第二次世界大戦、日本にも響いた独ソ戦の要諦 ソ連という巨大な岩塊は流れを転回させた

東洋経済オンライン / 2019年9月18日 8時10分

ゆえに、独ソ開戦を伝える最初の情報(1941年6月5日に、大島浩駐独大使が報告してきた)を得て以来、東京では、対ソ政策を巡って、激しい議論が交わされることになる。松岡洋右外務大臣は、4月に日ソ中立条約を締結したばかりであるにもかかわらず、即時対ソ参戦を主張した。対ソ戦に引き込まれることを警戒する海軍は、独ソ戦への介入反対を唱える。陸軍に至っては、南進論、北進論、南北準備論(対ソ、対英のいずれにも開戦することなく、南北両面に対応できるよう戦力を強化すべしとの主張)に分かれ、内部でも対立する始末であった。

しかし、陸海軍首脳部は妥協にこぎつけることができ、南北準備陣を進め、好機が到来した場合にのみ独ソ戦に介入するという「帝国国策要綱」を作成する。これは、7月2日の御前会議で裁可された。世にいう「熟柿(じゅくし)主義」、柿が熟れて落ちるのを待つのにたとえ、労せずして成果を得んとする方針である。その実は機会主義にほかならない。

■北進の幻

事実、この「帝国国策要綱」は、不介入を原則としていたものの、独ソ戦が日本に有利に進んだ場合には、武力を行使して「北方問題」を解決するため、ひそかに対ソ戦力を準備すると定めていた。つまり、対独戦に兵力を引き抜かれ、極東ソ連軍が弱体化したときには、対ソ戦に突入するとの含みだ。そのための戦力を整えるべく、1941年7月5日、東條英機陸軍大臣は、「関東軍特種演習」と称される動員計画を承認した。大動員により、対ソ戦にあたる予定の関東軍を兵力70万以上に増強しようというのである。
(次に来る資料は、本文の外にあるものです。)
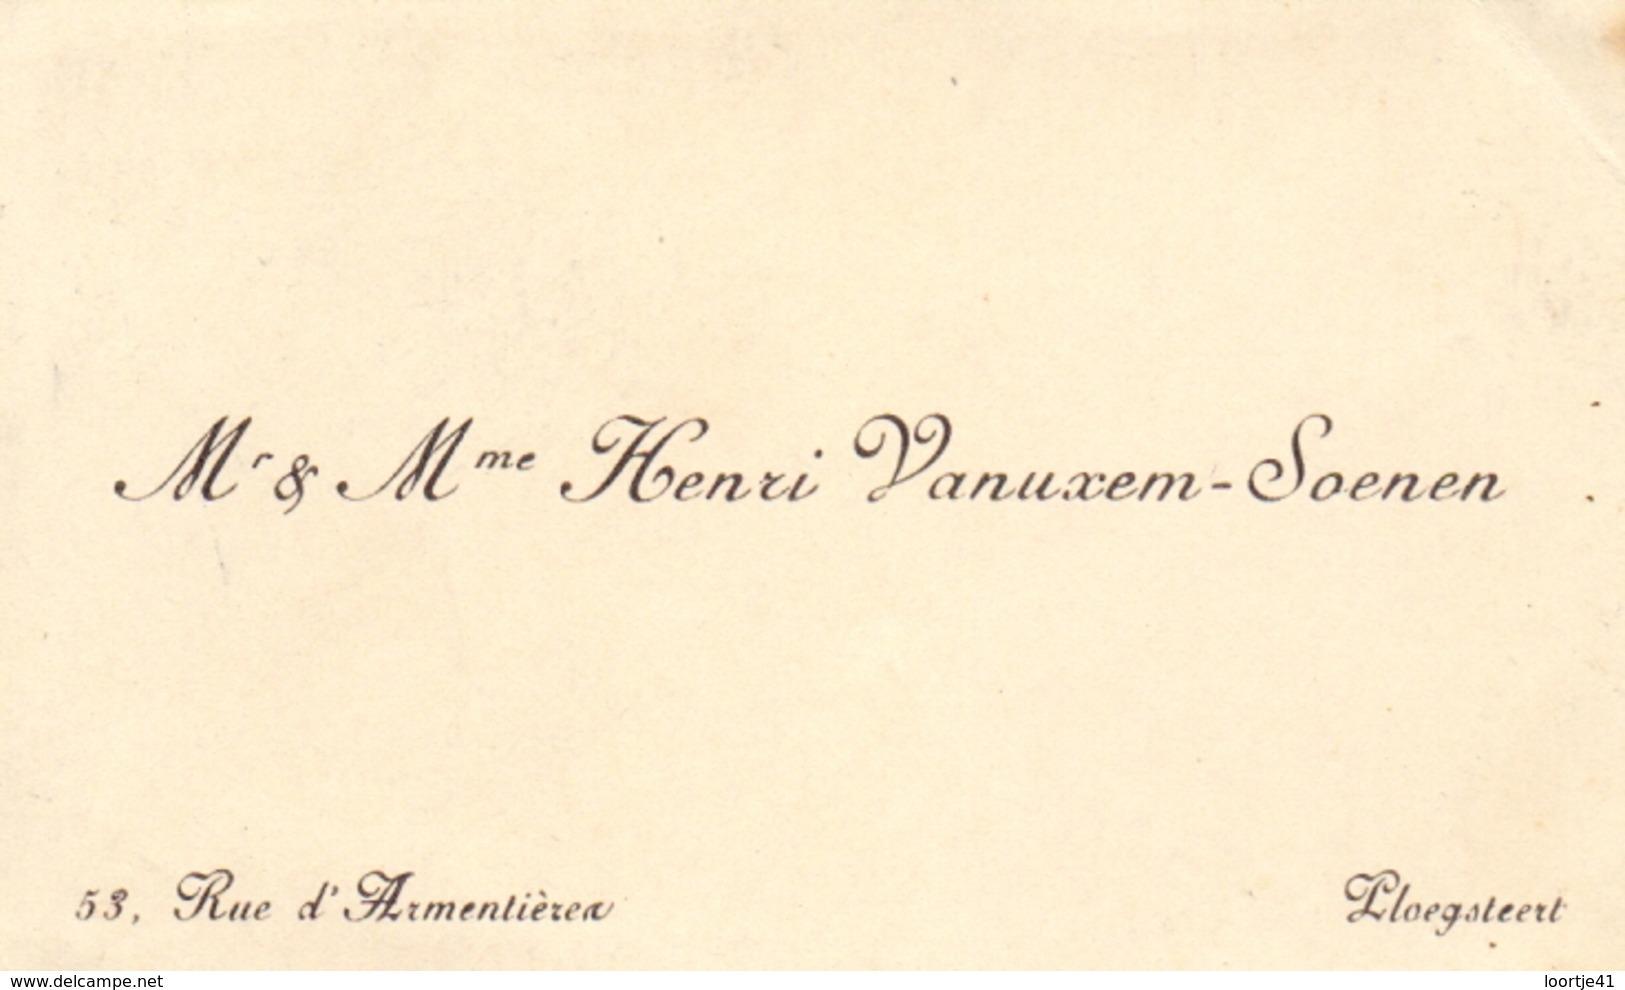 Visitekaartje - Carte Visite - Mr & Mme Henri Vanuxem - Soenen - Ploegsteert - Cartes De Visite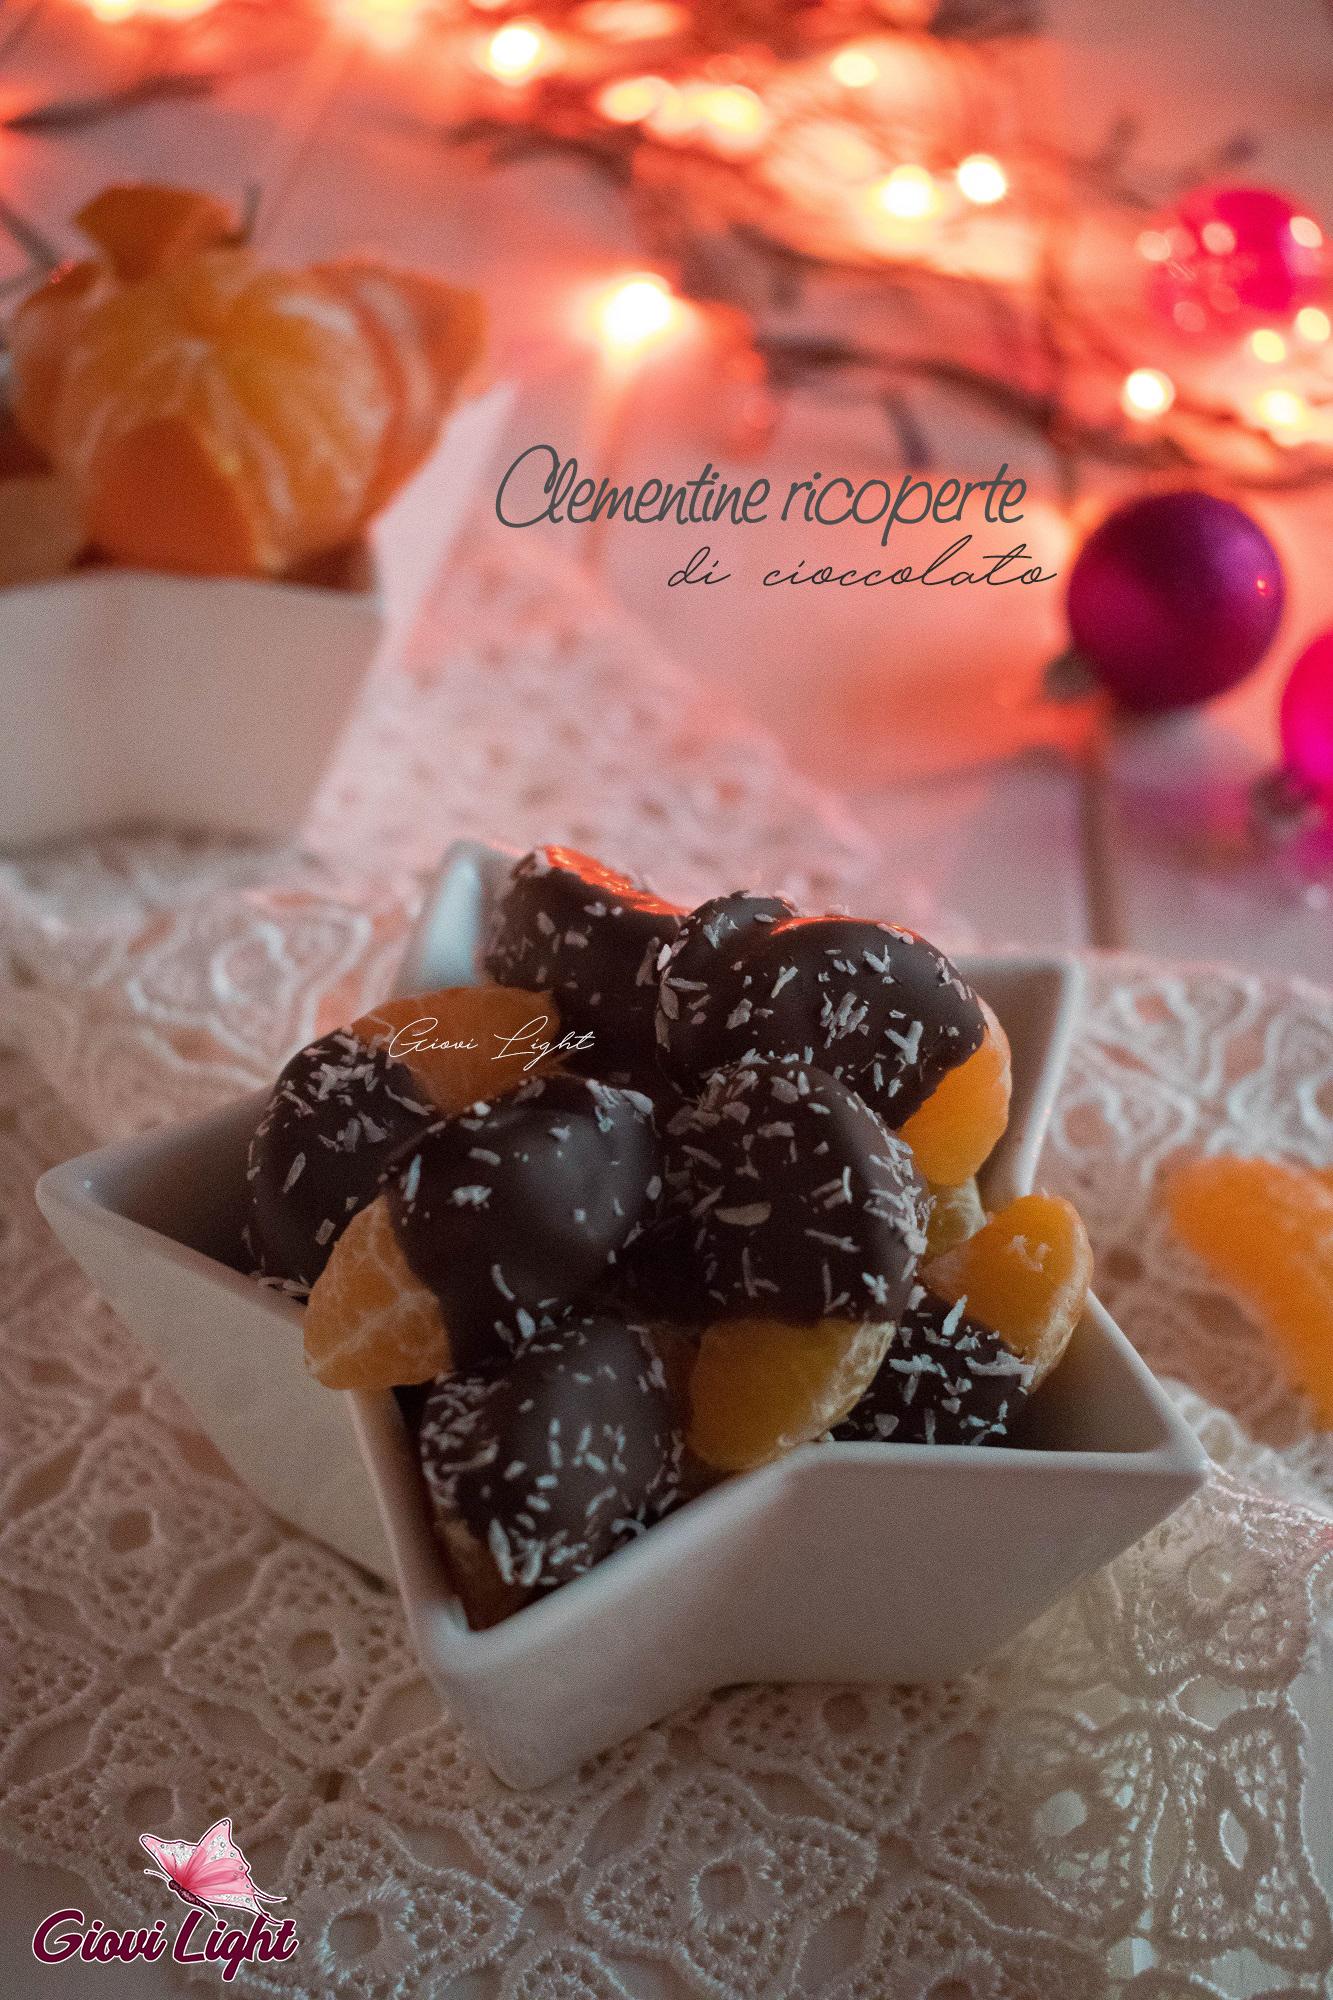 Clementine ricoperte di cioccolato

こうして、ソ連と「満洲国」の国境には、一触即発の空気がみなぎった。陸軍のなかには、ノモンハン以来の守勢から転じて、ついに対ソ戦を断行する好機が来たとはやりたつ者も少なくなかった。その急先鋒となったのは、陸軍参謀本部作戦部長田中新一少将であり、彼の下には、作戦課長服部卓四郎中佐ならびに作戦班長辻政信中佐という名うての好戦派がいた。

けれども、彼らの「期待」が満たされることはなかった。陸軍参謀本部が開戦の前提条件としたのは、極東ソ連軍の兵力が半減することであった。ところが、極東ソ連軍は、一向に減少する兆しを見せない。一説には、ソ連軍は、極東の精鋭部隊を対独戦に引き抜いたあとに新編部隊を補充する、あるいは、部隊としてはソ満国境にいるのだが、古参の下士官兵や装備のみを抽出し、代わりに新兵や旧式兵器を配備するといった形で、額面上の兵力を維持したといわれる。

いずれにせよ、拙著でも詳述したように、1941年7月後半にはドイツ軍の進撃は鈍り、ソ連の急速な崩壊など考えにくい情勢になってきた。また、日米関係も急激に悪化していたから、北方に剣をかざしたままでいることは、いよいよ困難である。

8月9日、陸軍参謀本部は、ついに年内は対ソ武力行使を実施しないと決定した。とはいえ、「関東軍特種演習」で準備された兵力装備は、やがて太平洋戦争初期段階の南方作戦に転用されていくことになる。1941年に日ソ戦争は起こらなかったが、そこでのソ連の行動は、極東、さらには太平洋での第二次世界大戦の展開に大きな影響を与えていたのである。